Some more pictures Dylan just wacked on facebook!






and this one is just full on ridiculous


----------



## -Nolly- (Feb 13, 2011)

In that case I'm going to have to go pay Dyl a visit tomorrow so I can see this thing in the flesh before you whisk it away!


----------



## maliciousteve (Feb 13, 2011)

Never fails to disappoint. Looks gorgeous


----------



## NeglectedField (Feb 13, 2011)

Just seen the Facebook photos. Nicely done, once again. I know Dylan wants his work to speak for itself but he should at least update the official site with this, the redwood burl and Nolly's pink one at the very least. I mean, what's on there is great but I still think he's kinda, I dunno, selling himself short?


----------



## TimSE (Feb 13, 2011)

mmmmmm Maple


----------



## -Nolly- (Feb 14, 2011)

Just checked this badboy out today.. Luke, you are one lucky _lucky_ dude


----------



## Taskeruss (Feb 14, 2011)

haha cheers dude! it shreading like a mo fucker then? can't wait to go pick it up tomorrow gonna fully win
might have to blast this all the way there


----------



## -Nolly- (Feb 14, 2011)

Yeah, it's absolutely awesome, basically identical in feel and playability to mine. What time are you going to be there tomorrow?


----------



## Miek (Feb 14, 2011)

CONAN WHAT IS BEST IN LIFE

TO CRUSH YOUR ENEMIES, SEE THEM DRIVEN BEFORE YOU, AND TO HEAR THE LAMENTATION OF YOUR GUITAR


----------



## JacobShredder (Feb 14, 2011)

1 question..no strap pins? I didnt see any atleast..

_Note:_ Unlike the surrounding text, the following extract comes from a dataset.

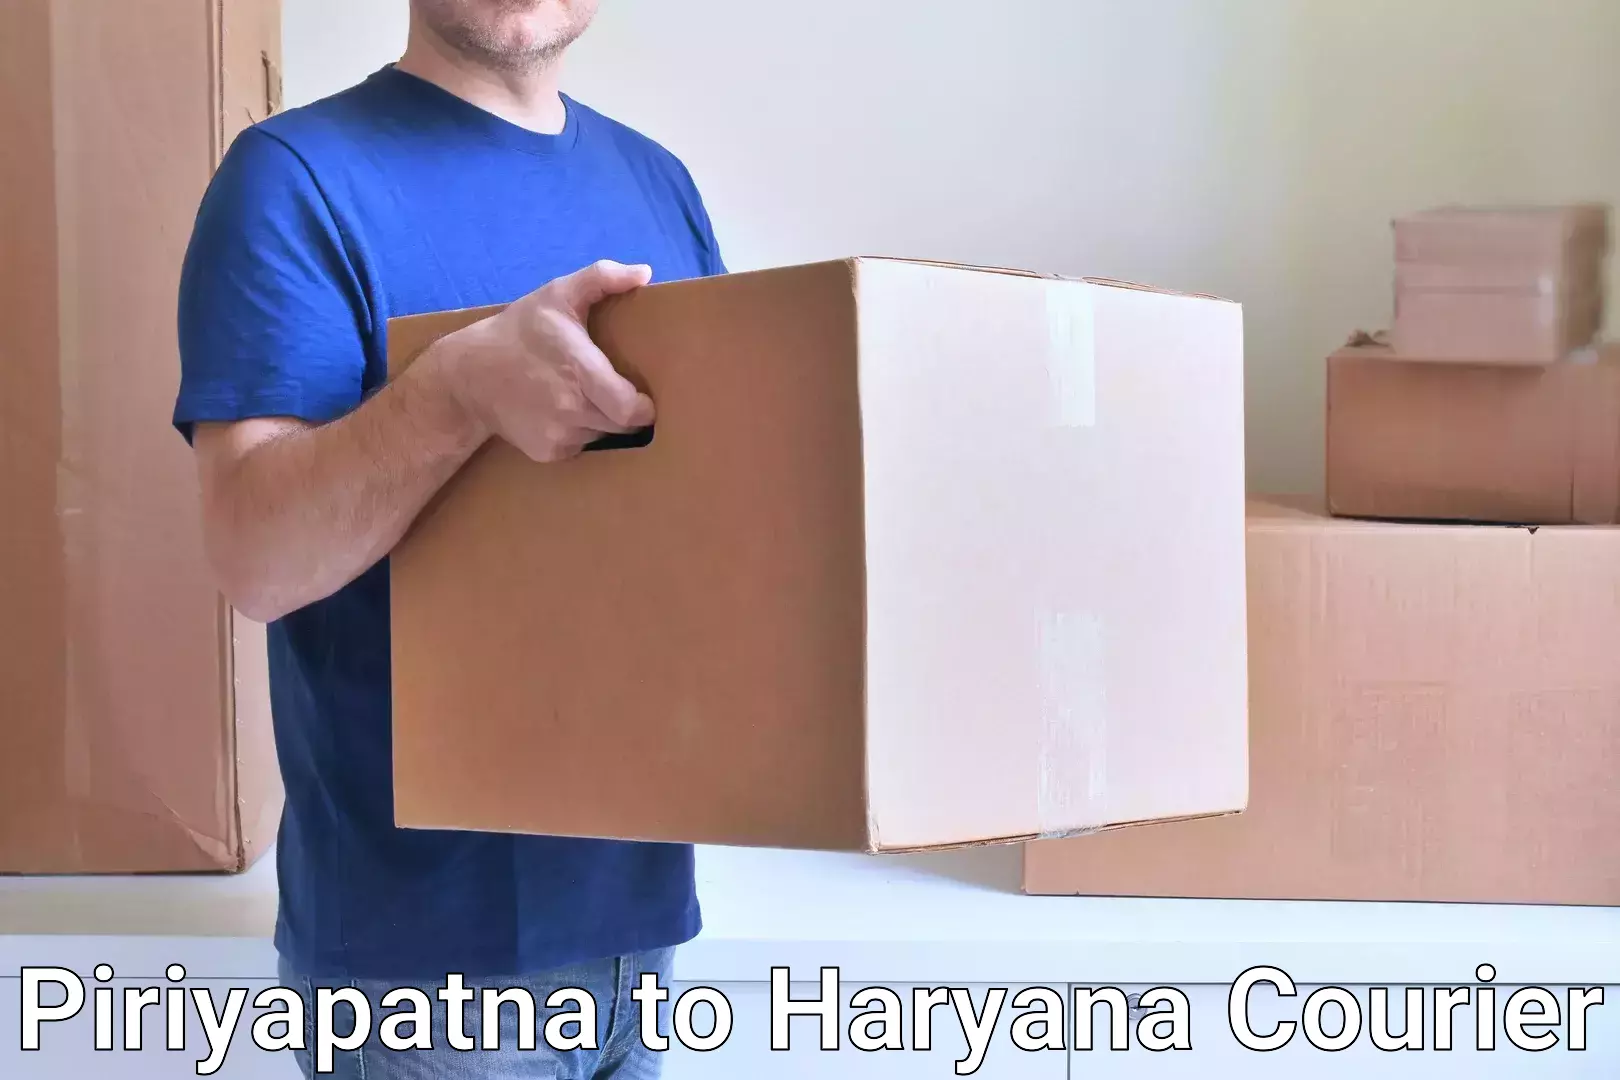 Discounted shipping Piriyapatna to NCR Haryana

but dudde that guitar is.... <3


----------



## narad (Feb 14, 2011)

Probably recessed - a good fit for that shape. Also, how come no one's crab-coring my Daemoness!?


----------



## Taskeruss (Feb 15, 2011)

-Nolly- said:


> Yeah, it's absolutely awesome, basically identical in feel and playability to mine. What time are you going to be there tomorrow?




freaking sweet! should be there just before 1 I think man


----------